Ms. Bartlett filed an opposition to the motion to dismiss. In it, she noted that, “[p]rior to her separation from employment, [she] had sought to address the issue of what she perceived as [the] failure of the defendant to grant employment related benefits as it related to her medical condition.” 5 She continued: “On October 8, 2010[,] the plaintiff, through counsel, sent correspondence to the EEOC claiming the defendant had discriminated against her on the basis of her handicap.” 6 Ms. Bartlett argued that a court may waive or extend “time limits for equitable reasons when a person is prevented from timely filing because of illness or in other appropriate circumstances.” 7 She claimed that such circumstances were present in her case because: (1) prior to her departure from the IRS, she had notified the IRS “of the specifics of the dispute from her perspective”; 8 (2) the documents submitted in opposition to the motion, which set forth her diagnosis with, and hospitalization for, severe depression, “clearly established that [she] was significantly impaired by a mental health issue during the relevant time period”; 9 and (3) “she was never notified of a 45 day time limit for commencing her claim.” 10 Attached to *4 her opposition were several exhibits, including an affidavit in which she stated that “[n]o one from the defendant ever informed me that I only had forty-five (45) days to file an employment discrimination claim,” 11 and other documents demonstrating that she had informed the IRS of the nature of her complaint and that she had been undergoing treatment for depression. 12

With the court’s permission, the IRS filed a reply brief in support of its motion to dismiss. It noted first that

[a] mental disability may serve as the basis for equitable tolling only if the plaintiff was “ ‘[un]able to engage in rational thought and deliberate decision making sufficient to pursue [her] claim alone or through counsel.’ ” Meléndez-Arroyo v. Cutler-Hammer de P.R. Co., 273 F.3d 30, 37 (1st Cir.2001) (alterations by the First Circuit) (quoting Nunnally v. MacCausland, 996 F.2d 1, 5 (1st Cir.1993)).[ 13 ]

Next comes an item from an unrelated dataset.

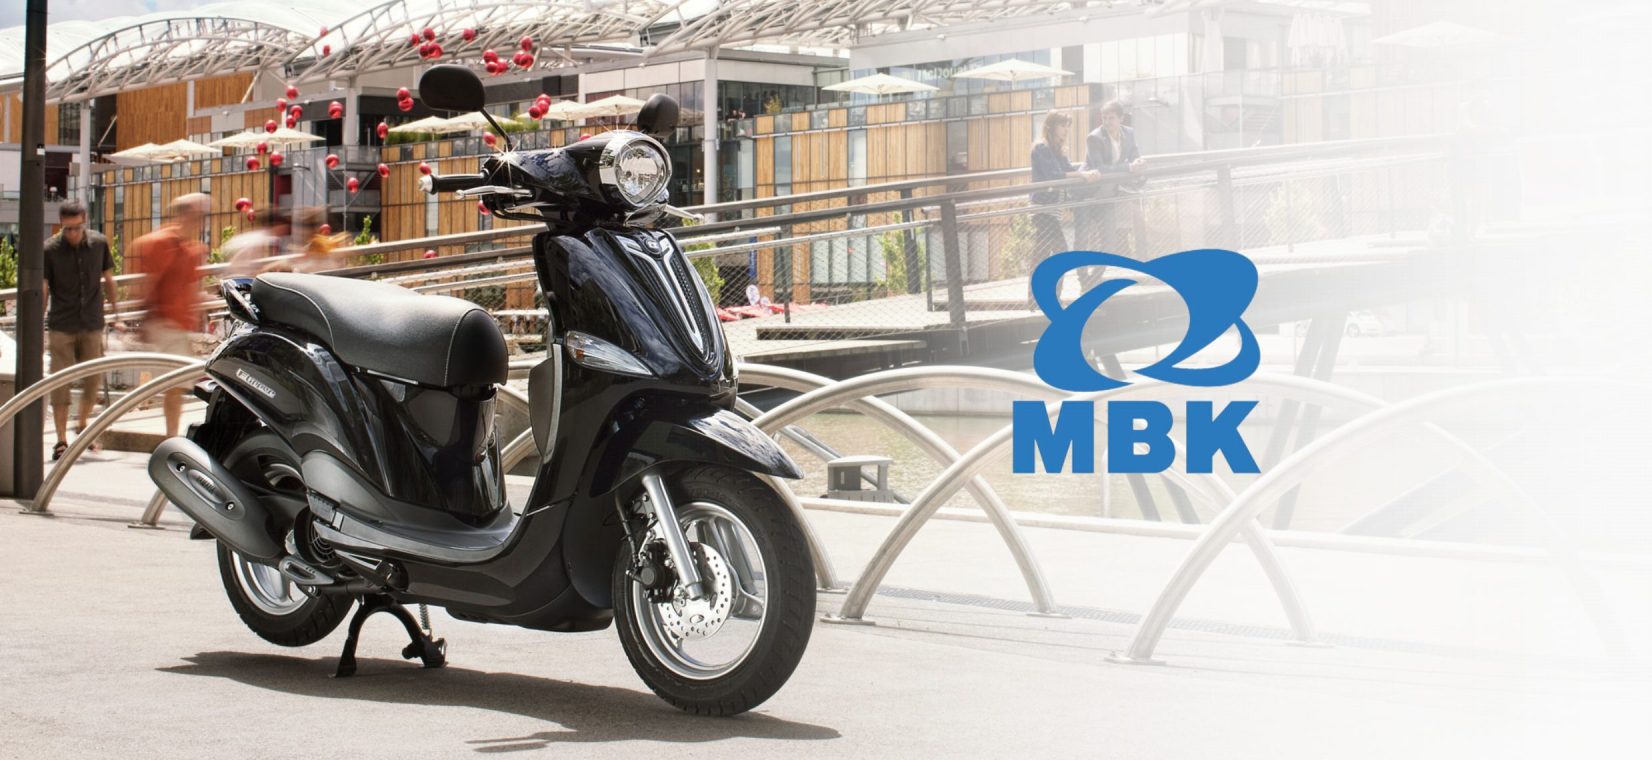 Visuel MBK : une moto dans un environnement de ville, avec un logo MBK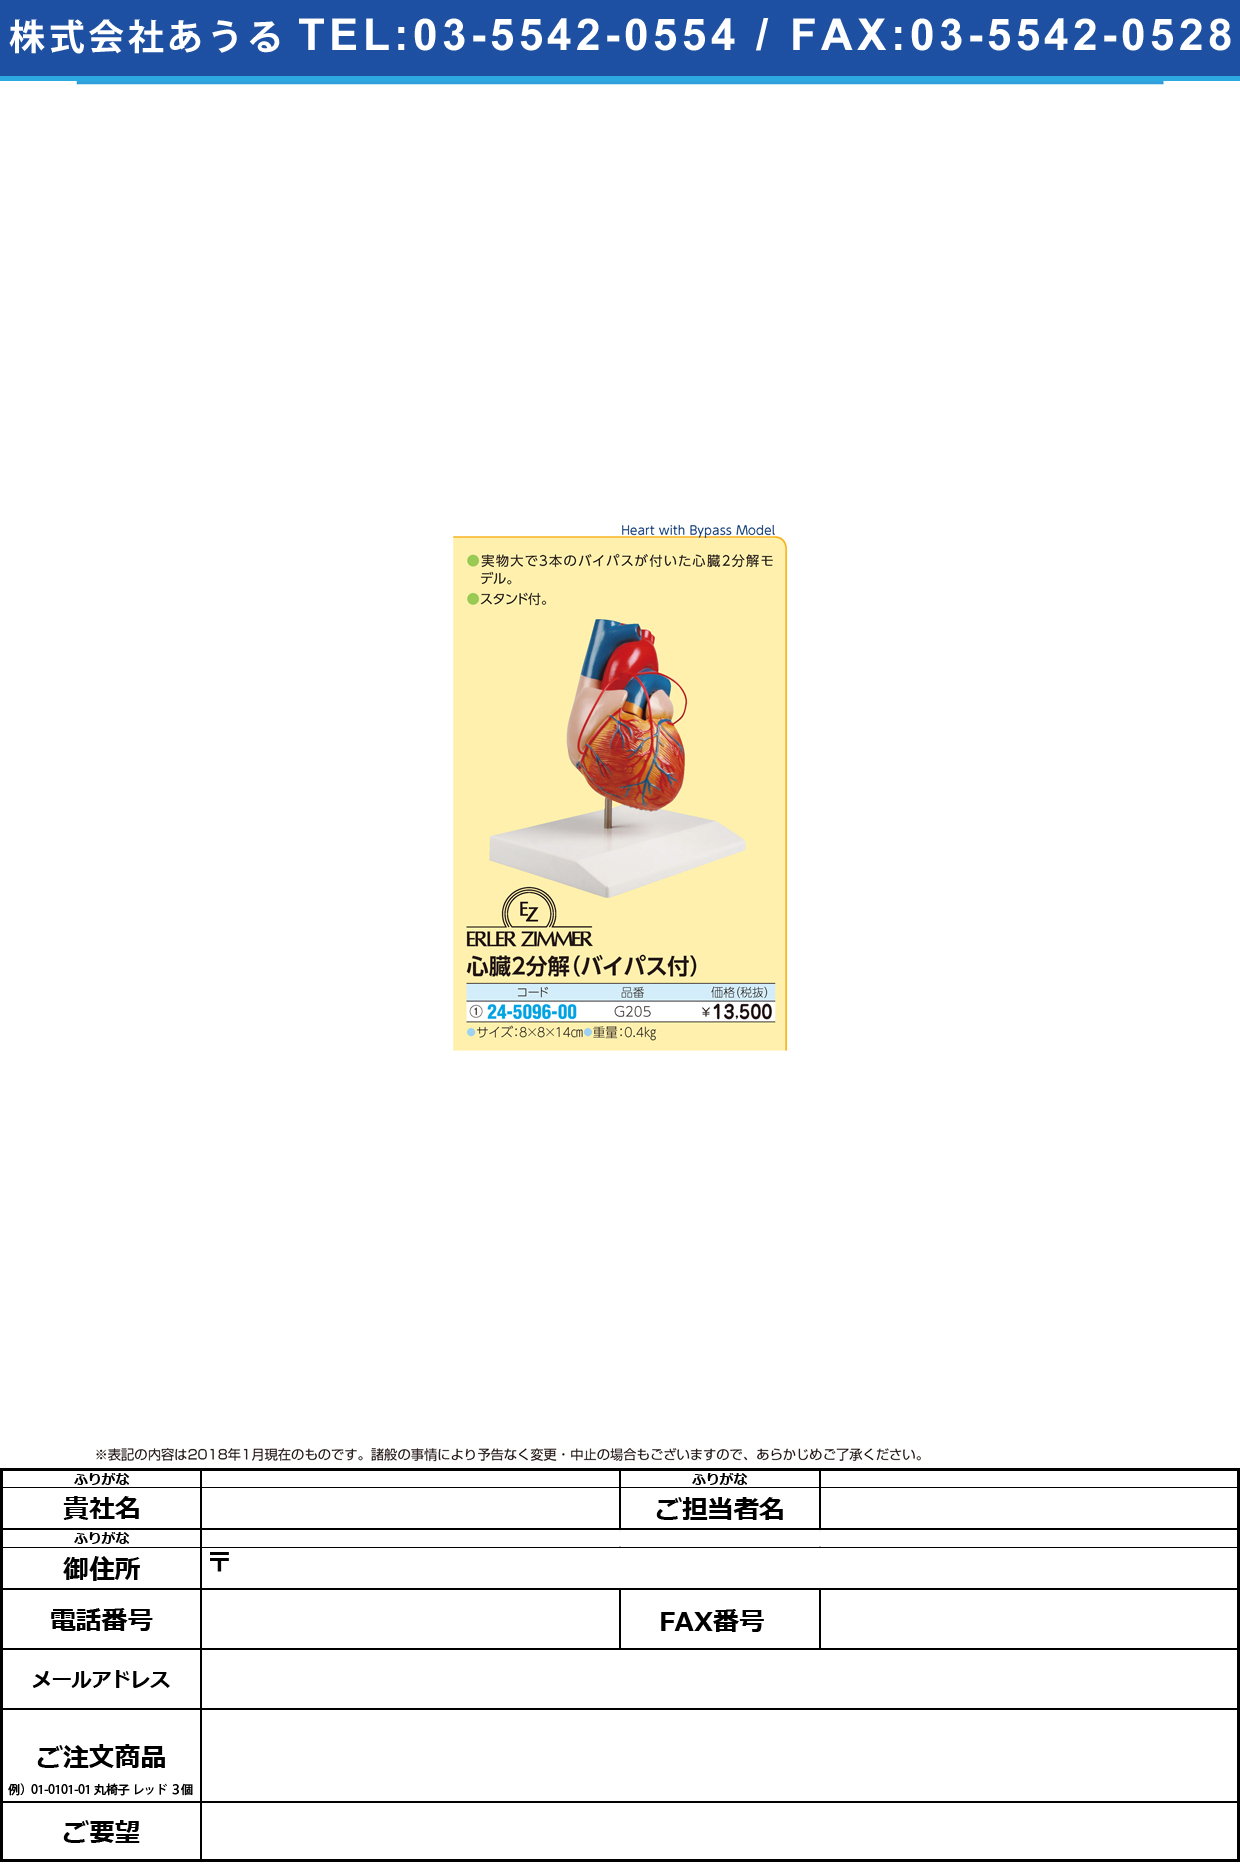 (24-5096-00)心臓２分解モデル（バイパス付） G205 ｼﾝｿﾞｳ2ﾌﾞﾝｶｲﾓﾃﾞﾙ(エルラージーマー社)【1個単位】【2019年カタログ商品】

According to the IRS, the correspondence that Ms. Bartlett had attached to her opposition clearly established that, at least as of two weeks prior to her separation, “she was mentally competent; she could read; she could write (indeed, quite eloquently); and she was able to understand what had happened and the consequences of her decision.” 14 The IRS also addressed Ms. Bartlett’s claim that “she was unaware of the 45-day deadline.” 15 It stated: “The declaration of Damaris Ouellette attached hereto as Exhibit A, however, establishes that notices of the deadline were posted in Plaintiffs office since before 2010. Therefore, Plaintiff had constructive, if not actual, notice of the 45-day requirement.” 16 Finally, the IRS argued that, although it was aware, prior to her departure, that Ms. Bartlett believed that she had been the victim of discrimination, it had not been advised within the forty-five-day window, as required by regulation, that she was going to pursue legal remedies.

In an order issued on February 4, 2013, the district court granted the IRS’s motion to dismiss. The court observed that Ms.